Return verbatim the lines that run from the one holding "All we want" to the end of the listing, both ends included, without the pictures.

RECORDED DATA —
-*-*-
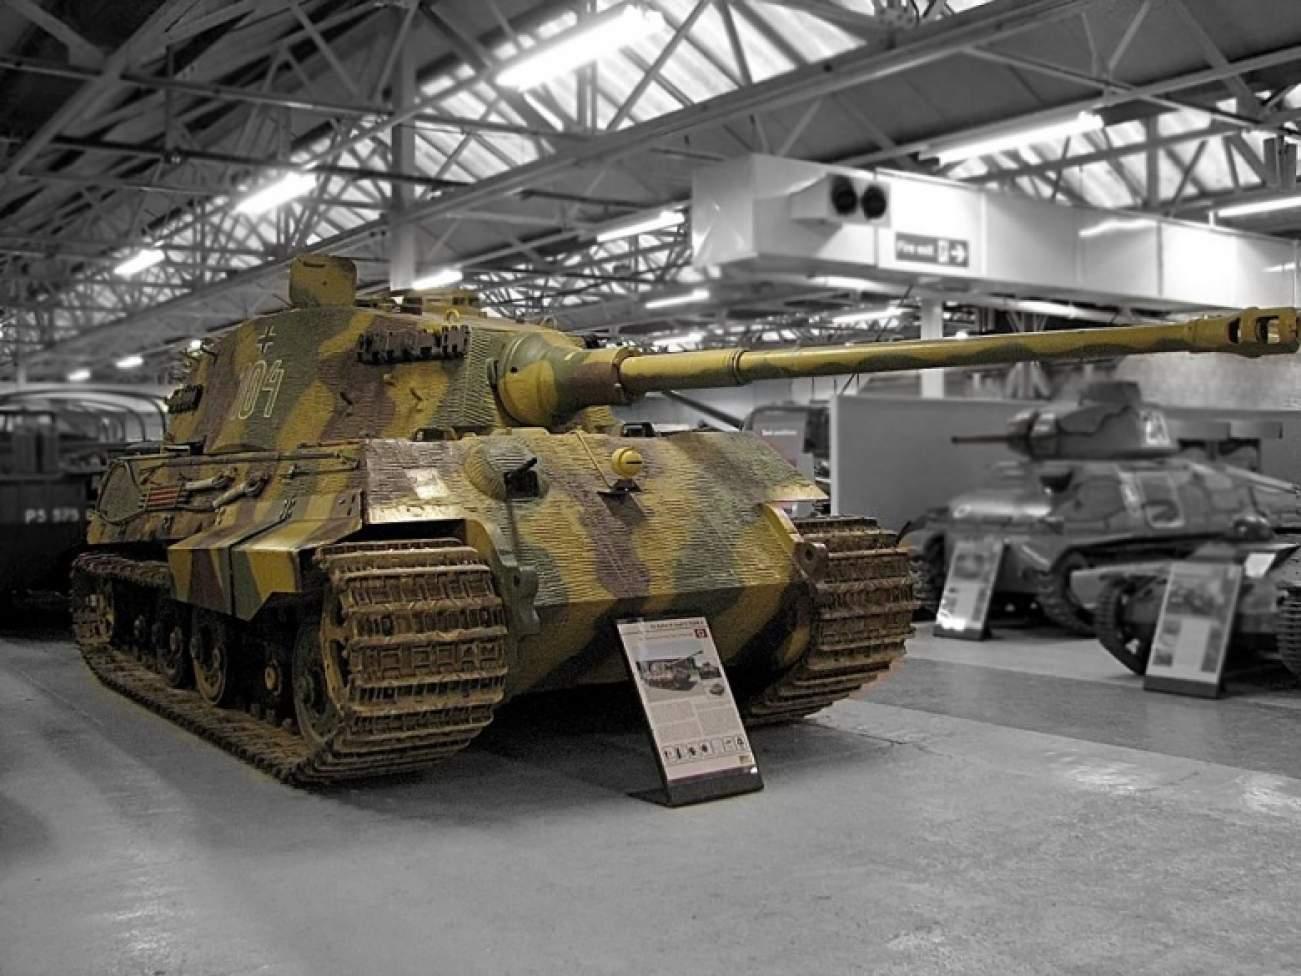 Nazi Germany's King Tiger Tank : Super Weapon or Super Myth
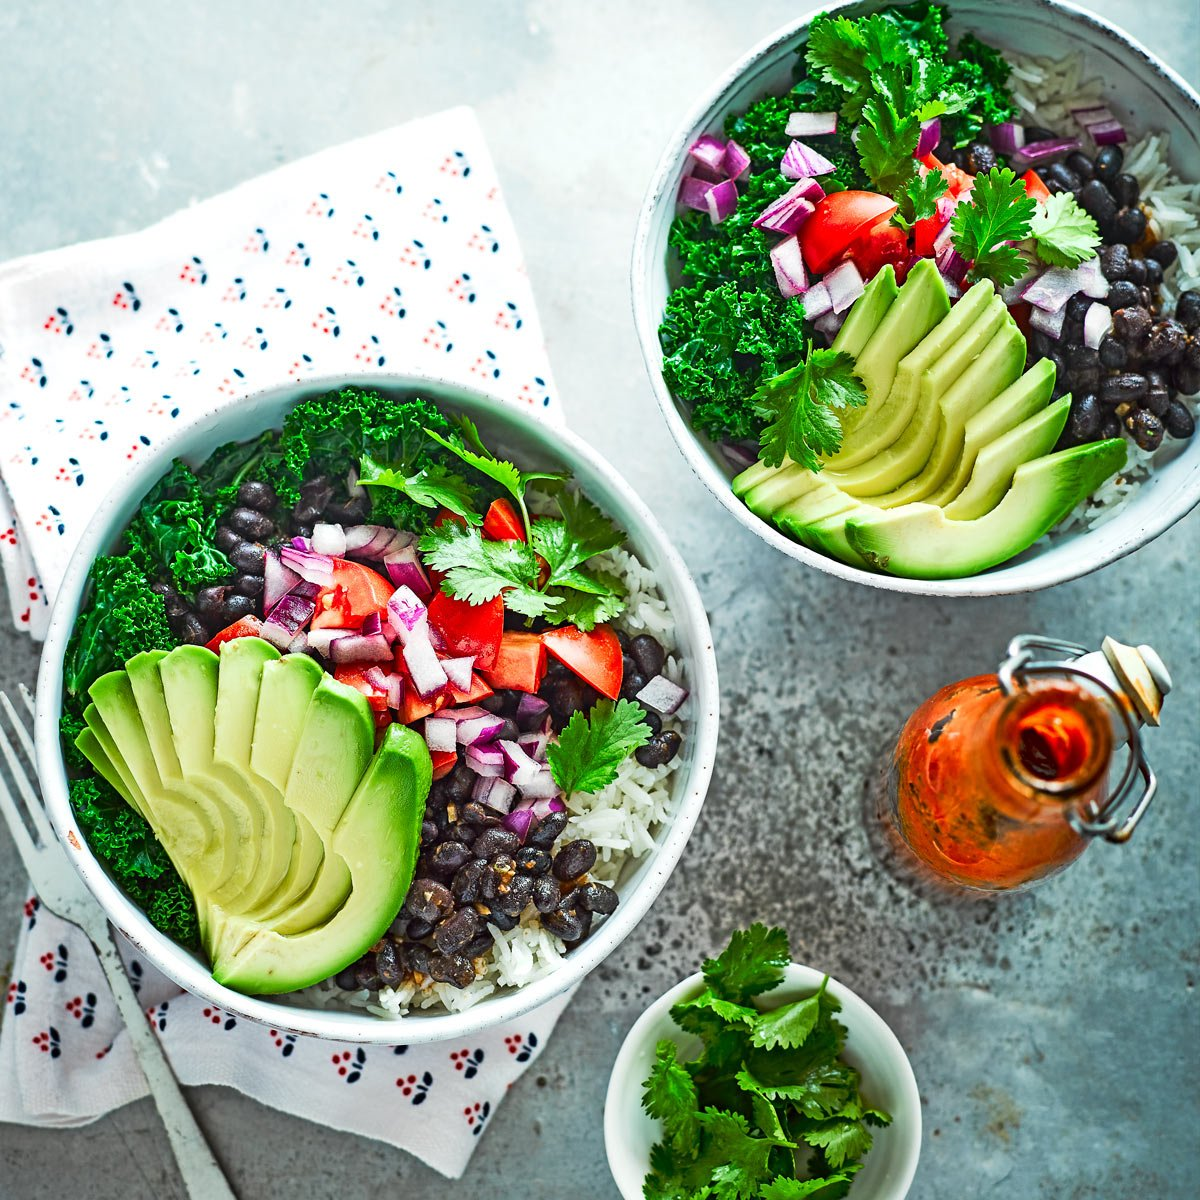 All we want for #MeatFreeMonday is a black bean burrito bowl... https://t.co/KXTLPAVcFI https://t.co/QvAp0S1ACS
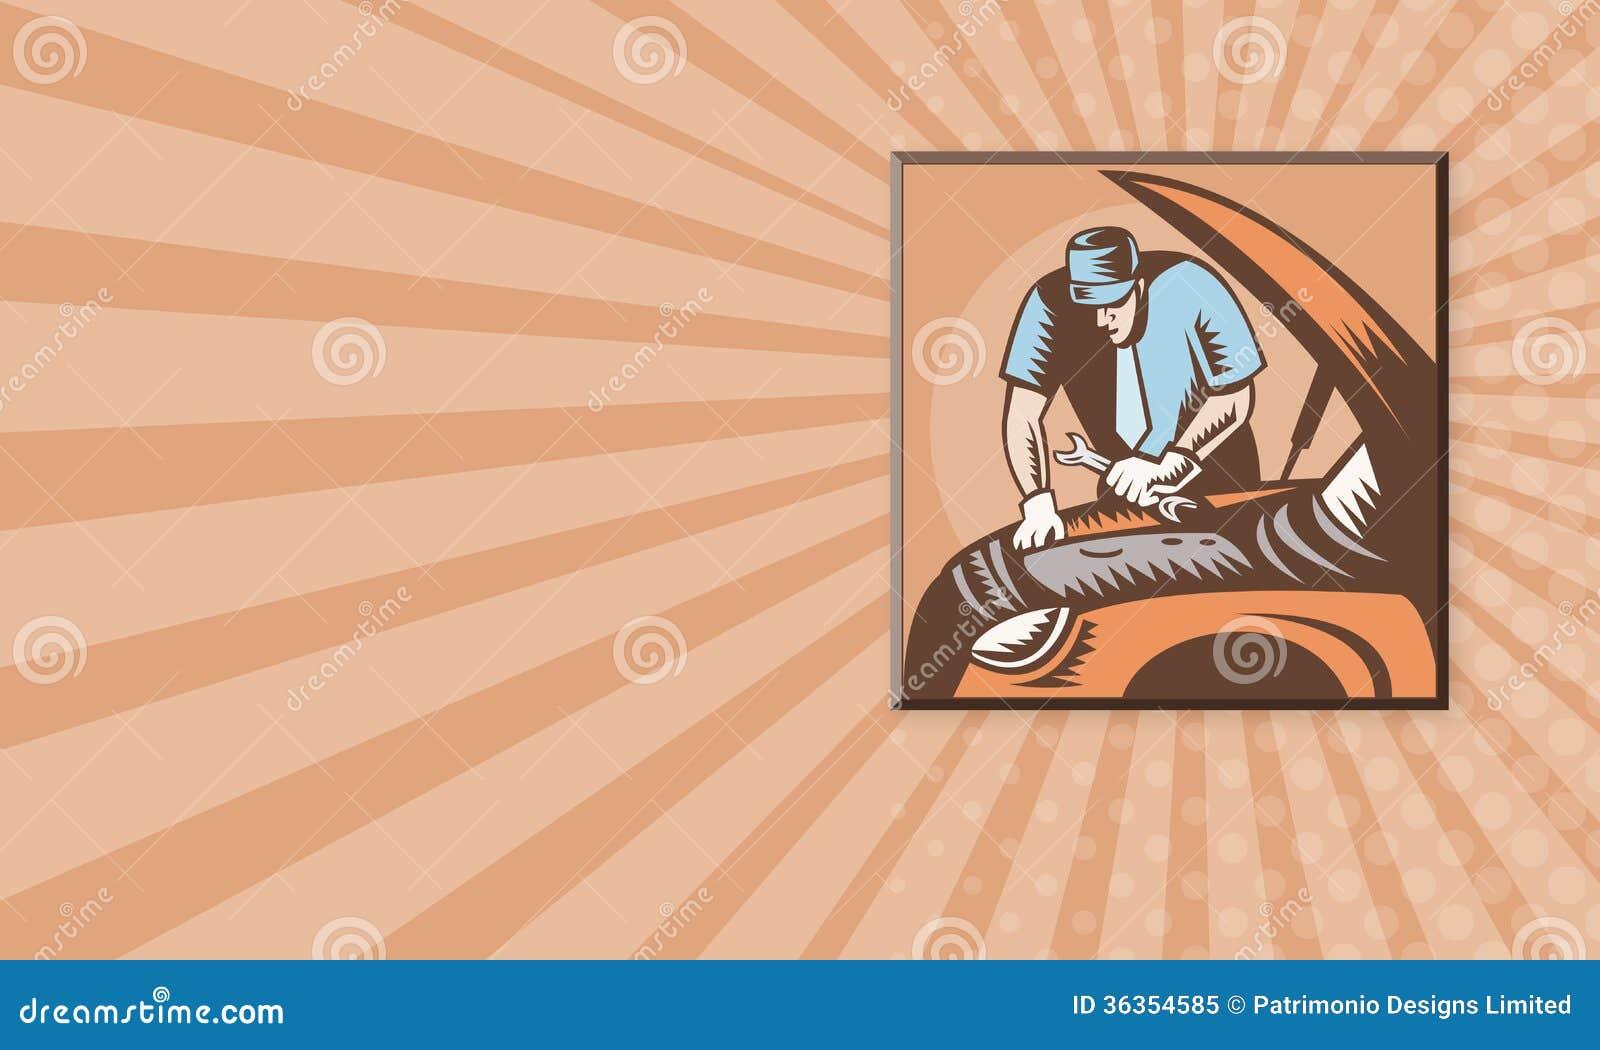 Automobile Mechanic Car Repair Stock Illustration - Image: 36354585
-*-*-
REPLY TO THE EXERCISE —
 All we want for #MeatFreeMonday is a black bean burrito bowl... https://t.co/KXTLPAVcFI https://t.co/QvAp0S1ACS
 Automobile Mechanic Car Repair Stock Illustration - Image: 36354585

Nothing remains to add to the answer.